Question

If \( y(x) = v(x) \sec x \) is the solution of \[ y'' - (2 \tan x) y' + 5y = 0, -\frac{\pi}{2} < x < \frac{\pi}{2}, \text{ satisfying } y(0) = 0 \text{ and } y'(0) = \sqrt{6}, \] then \( v \left( \frac{\pi}{6 \sqrt{6}} \right) \) is .............. (correct up to two decimal places). 
 

Hint:

When solving second-order differential equations, always use the initial conditions to determine the constants in the solution.

Answer 1

Correct Answer: 0.5

Step 1: Solve the given second-order differential equation.
We are given the second-order linear differential equation \( y'' - (2 \tan x) y' + 5y = 0 \). The general solution to this equation can be found using standard methods for solving linear ODEs, such as undetermined coefficients or variation of parameters.

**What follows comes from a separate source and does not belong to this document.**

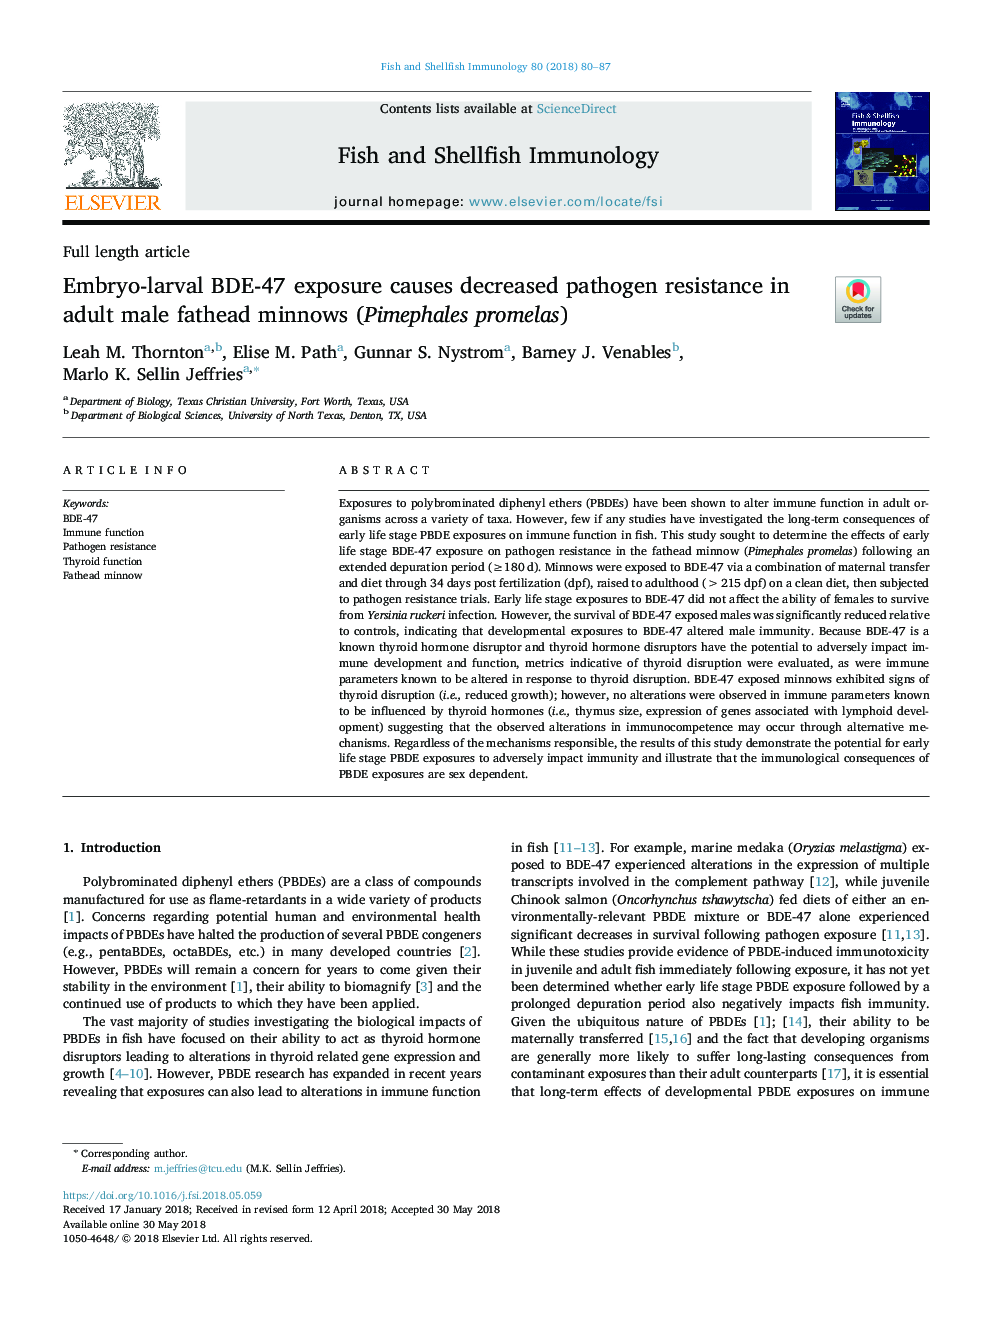 Embryo-larval BDE-47 exposure causes decreased pathogen resistance in adult male fathead minnows (Pimephales promelas)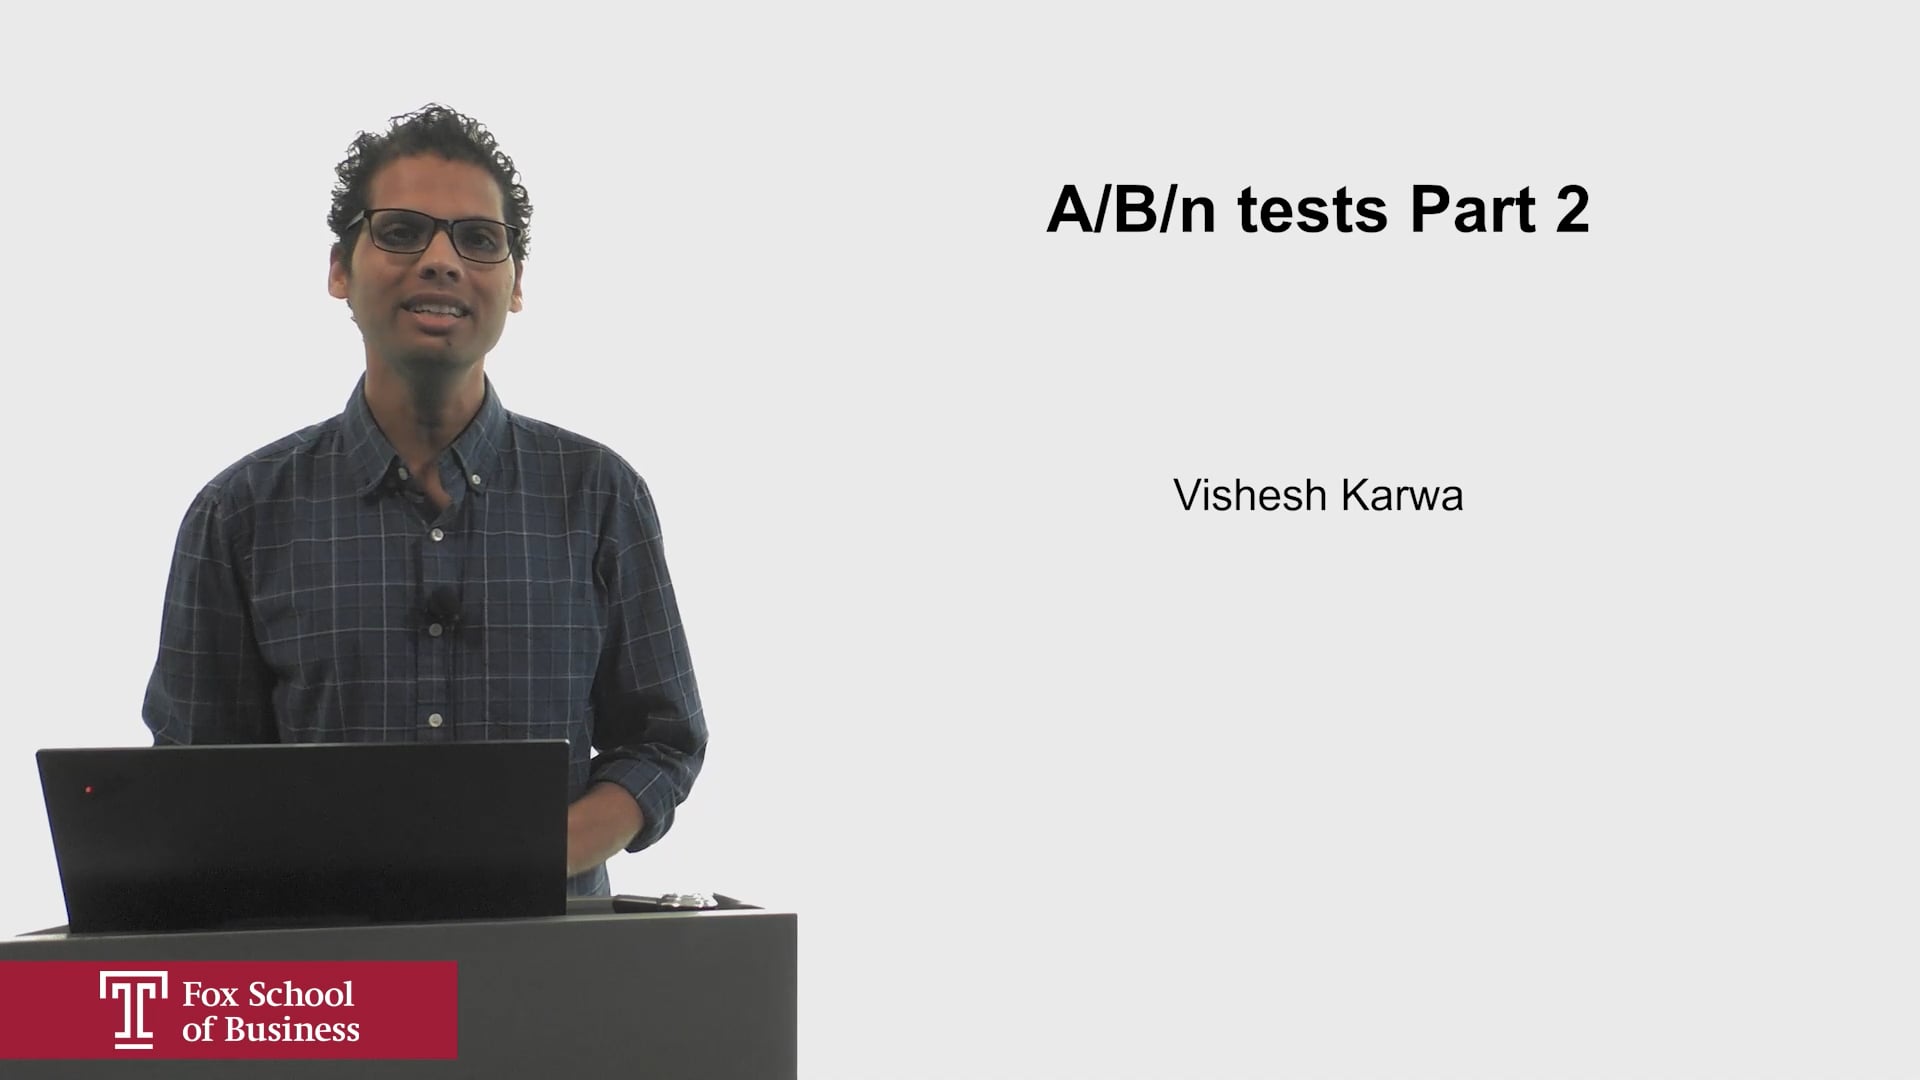 A/B/n Tests Part 2

Step 2: Use the given initial conditions.
Using the initial conditions \( y(0) = 0 \) and \( y'(0) = \sqrt{6} \), we determine the constants in the solution. The solution for \( v(x) \) is then found as \( v(x) = \sec x \).

Step 3: Evaluate \( v \left( \frac{\pi}{6 \sqrt{6}} \right) \).
Now, evaluate \( v \left( \frac{\pi}{6 \sqrt{6}} \right) \). Since \( v(x) = \sec x \), we compute: \[ v \left( \frac{\pi}{6 \sqrt{6}} \right) = \sec \left( \frac{\pi}{6 \sqrt{6}} \right). \] Using a calculator, we find that \( v \left( \frac{\pi}{6 \sqrt{6}} \right) \approx \boxed{1.155} \).